Every centos6-regression run since 3:15pm Jenkins time yesterday has been failing in the same way, across multiple slaves. Latest example: https://build.gluster.org/job/centos6-regression/3656/console 04:47:38 Triggered by Gerrit: https://review.gluster.org/16903 04:47:38 Construction à distance sur slave1.cloud.gluster.org (rackspace_regression_2gb) in workspace /home/jenkins/root/workspace/centos6-regression 04:47:39 > git rev-parse --is-inside-work-tree # timeout=10 04:47:39 Fetching changes from the remote Git repository 04:47:39 > git config remote.origin.url git://review.gluster.org/glusterfs.git # timeout=10 04:47:39 ERROR: Error fetching remote repo 'origin' 04:47:39 hudson.plugins.git.GitException: Failed to fetch from git://review.gluster.org/glusterfs.git 04:47:39 at hudson.plugins.git.GitSCM.fetchFrom(GitSCM.java:806) 04:47:39 at hudson.plugins.git.GitSCM.retrieveChanges(GitSCM.java:1066) 04:47:39 at hudson.plugins.git.GitSCM.checkout(GitSCM.java:1097) 04:47:39 at hudson.scm.SCM.checkout(SCM.java:485) 04:47:39 at hudson.model.AbstractProject.checkout(AbstractProject.java:1269) 04:47:39 at hudson.model.AbstractBuild$AbstractBuildExecution.defaultCheckout(AbstractBuild.java:607) 04:47:39 at jenkins.scm.SCMCheckoutStrategy.checkout(SCMCheckoutStrategy.java:86) 04:47:39 at hudson.model.AbstractBuild$AbstractBuildExecution.run(AbstractBuild.java:529) 04:47:39 at hudson.model.Run.execute(Run.java:1738) 04:47:39 at hudson.model.FreeStyleBuild.run(FreeStyleBuild.java:43) 04:47:39 at hudson.model.ResourceController.execute(ResourceController.java:98) 04:47:39 at hudson.model.Executor.run(Executor.java:410) 04:47:39 Caused by: hudson.plugins.git.GitException: Command "git config remote.origin.url git://review.gluster.org/glusterfs.git" returned status code 4: 04:47:39 stdout: 04:47:39 stderr: error: failed to write new configuration file .git/config.lock 04:47:39 04:47:39 at org.jenkinsci.plugins.gitclient.CliGitAPIImpl.launchCommandIn(CliGitAPIImpl.java:1784) It's amusing that some of the messages (especially for aborted tasks) are in French, but I don't think that's the real issue here. There seems to be some kind of permission problem affecting all machines.
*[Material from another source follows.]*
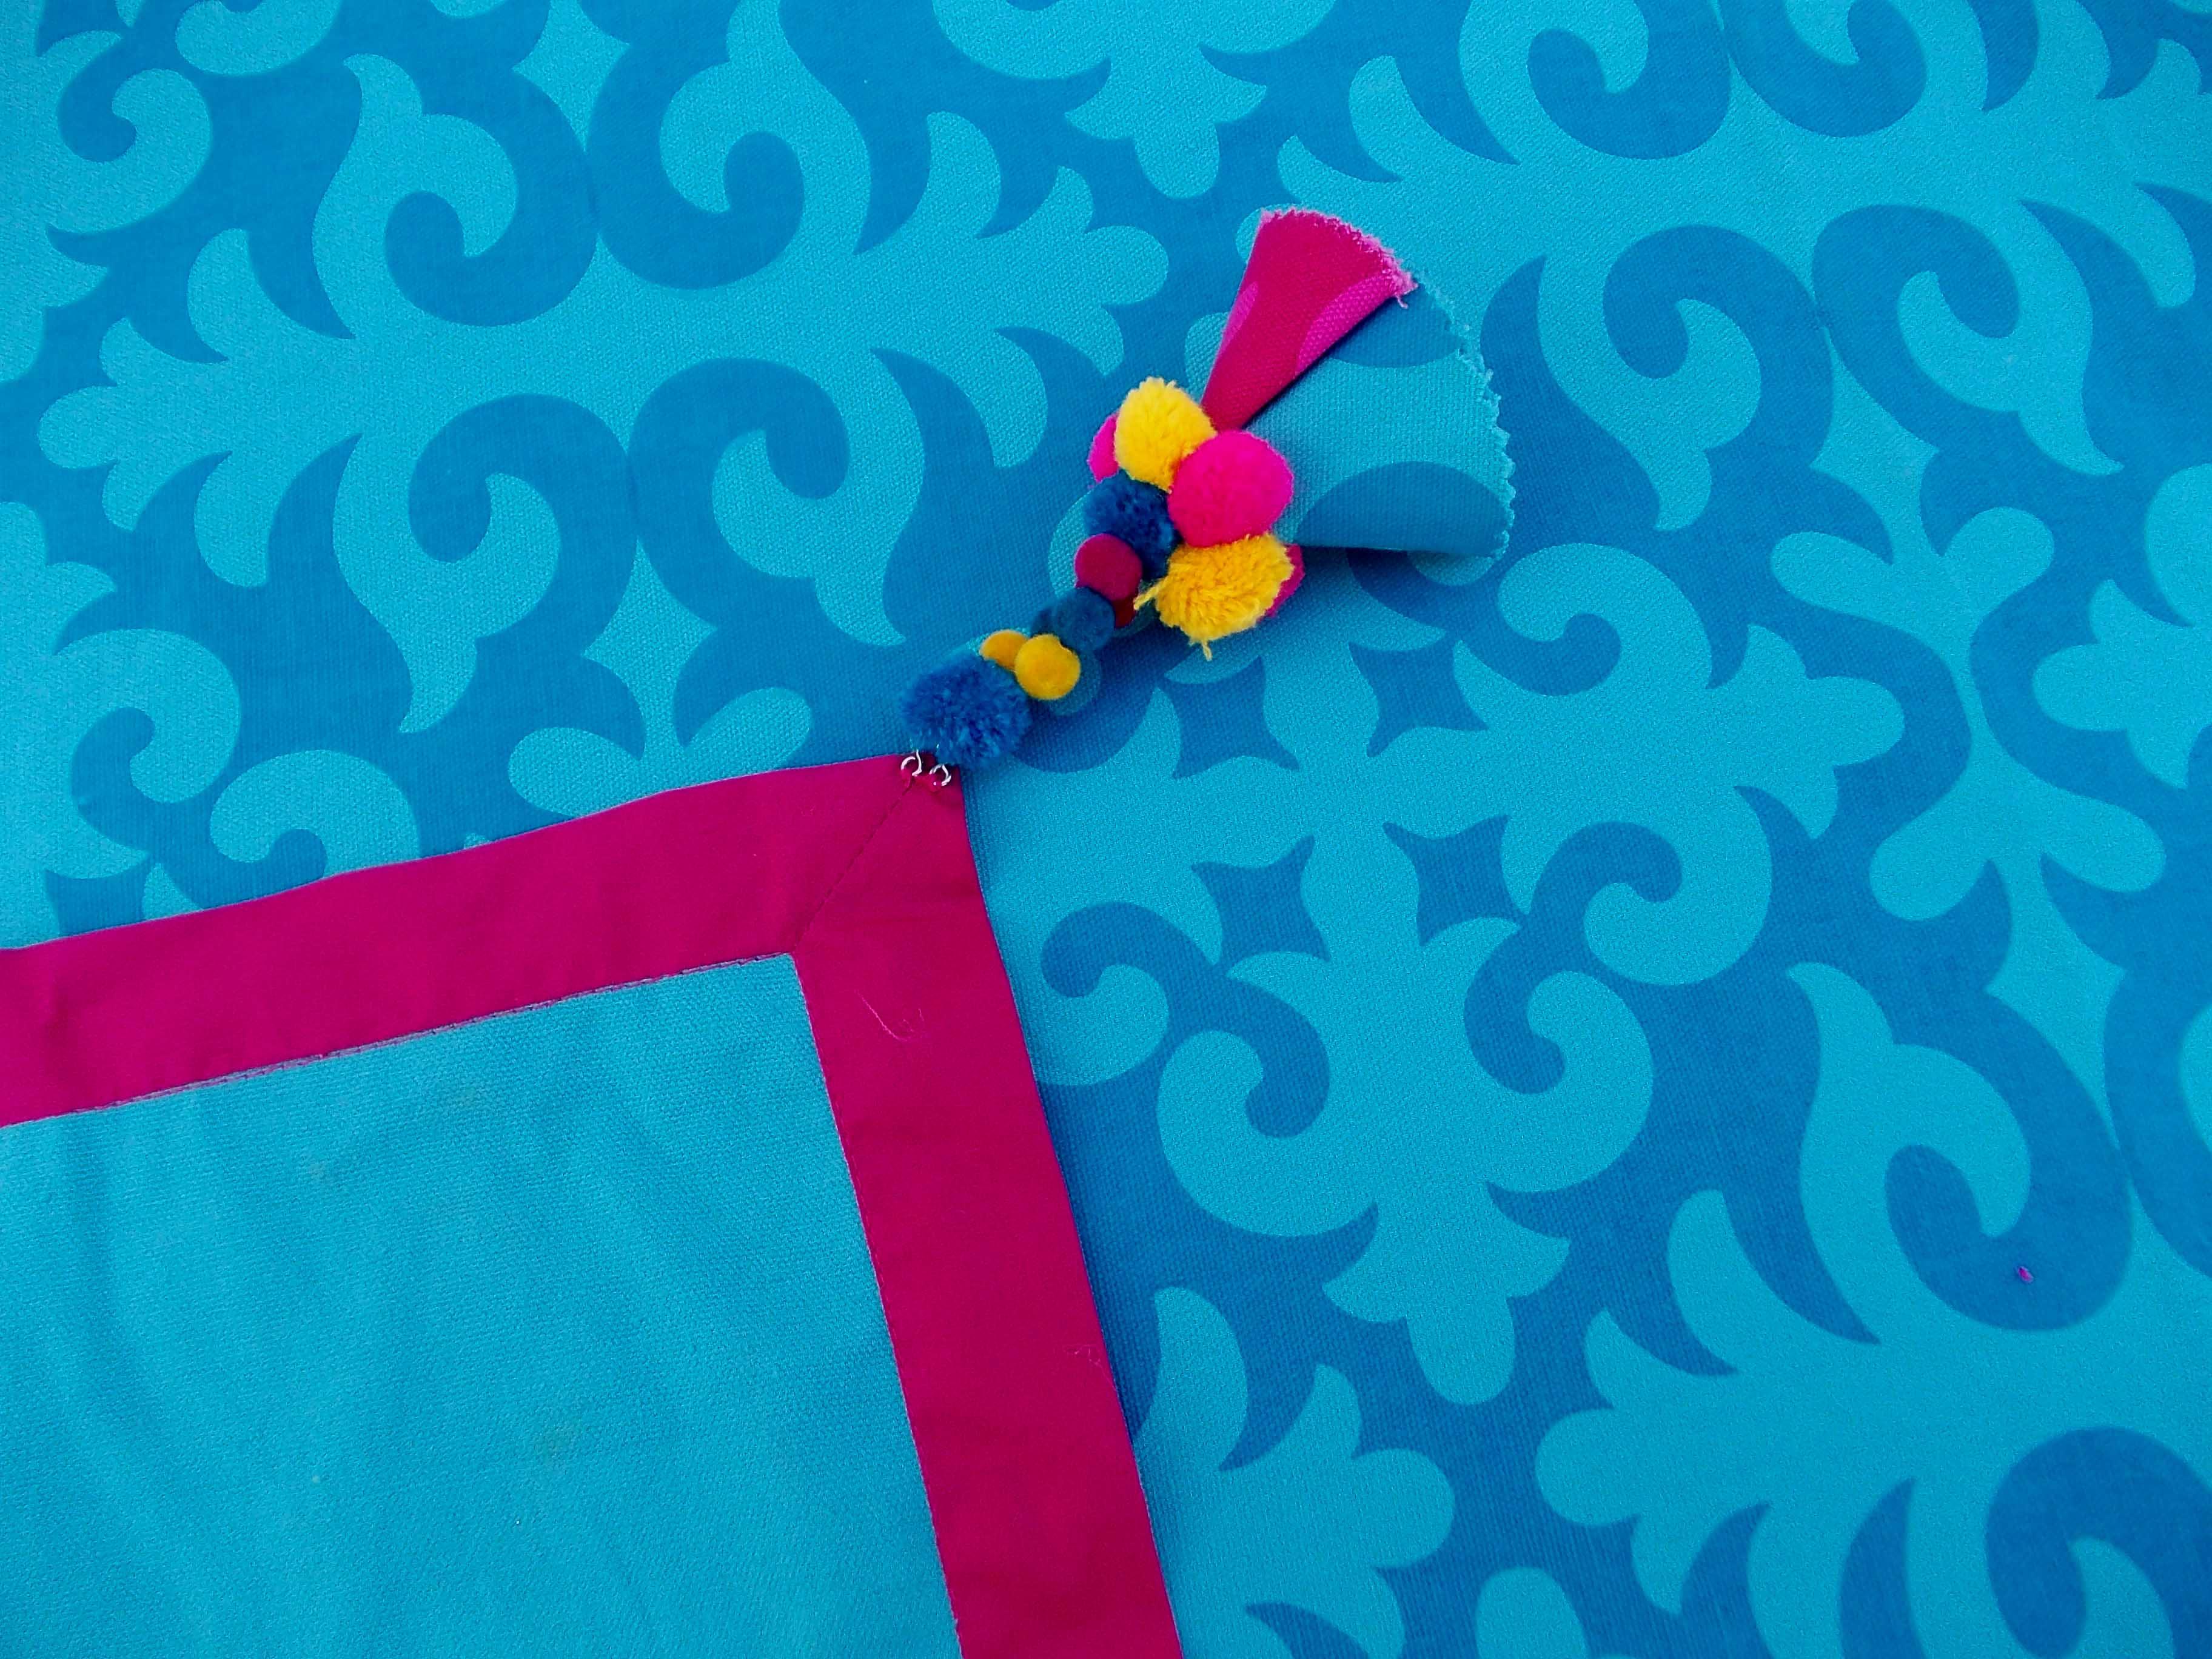 Cotton Tassel - removable - Blue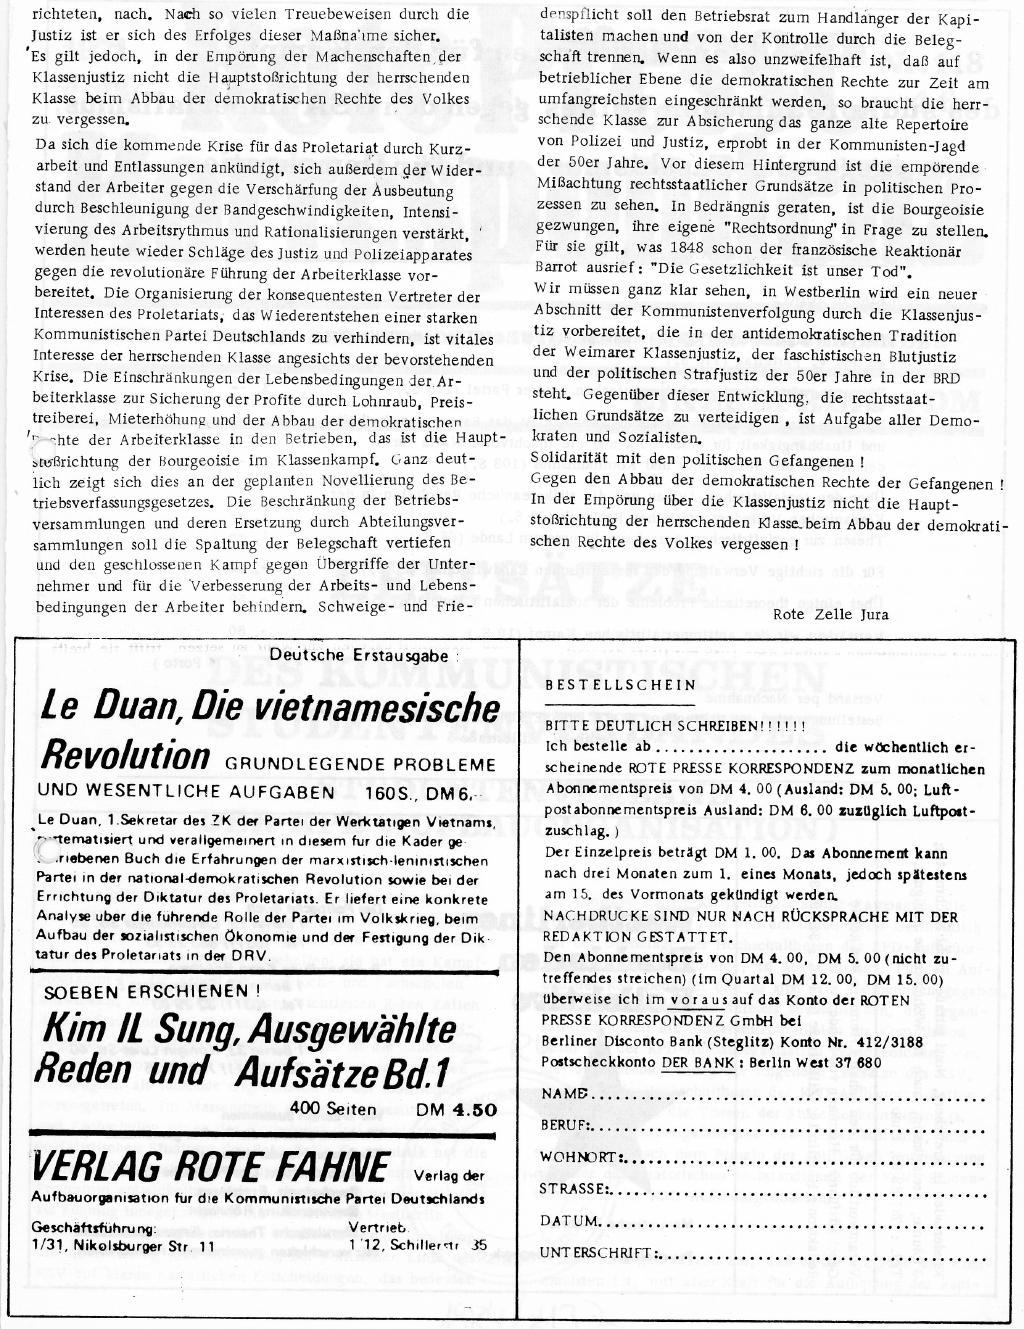 RPK_1971_118_13

Oops, I'm not sure what went wrong here. There was a long-running prove command. I killed that and rebooted the machine. Hopefully, that'll get it back and running. I've now done a retrigger that's been assigned to other machines.
I was having problems with jobs for 16905 hanging, but it seems like a bit of an unlikely coincidence that those would exactly account for the multiple machines observing this issue. Also, it's still not clear how that cause would lead to that effect). Until we figure out how they're connected, should we perhaps be more liberal about rebooting machines automatically after failed/aborted runs?
The two machines I had to involve myself in both ran out of space. It had a 15G big glusterd log file. Is there a new test that's creating a lot of volumes or generating a lot of log entries?
Turns out it was due to Jeff's patch. This should be fixed now.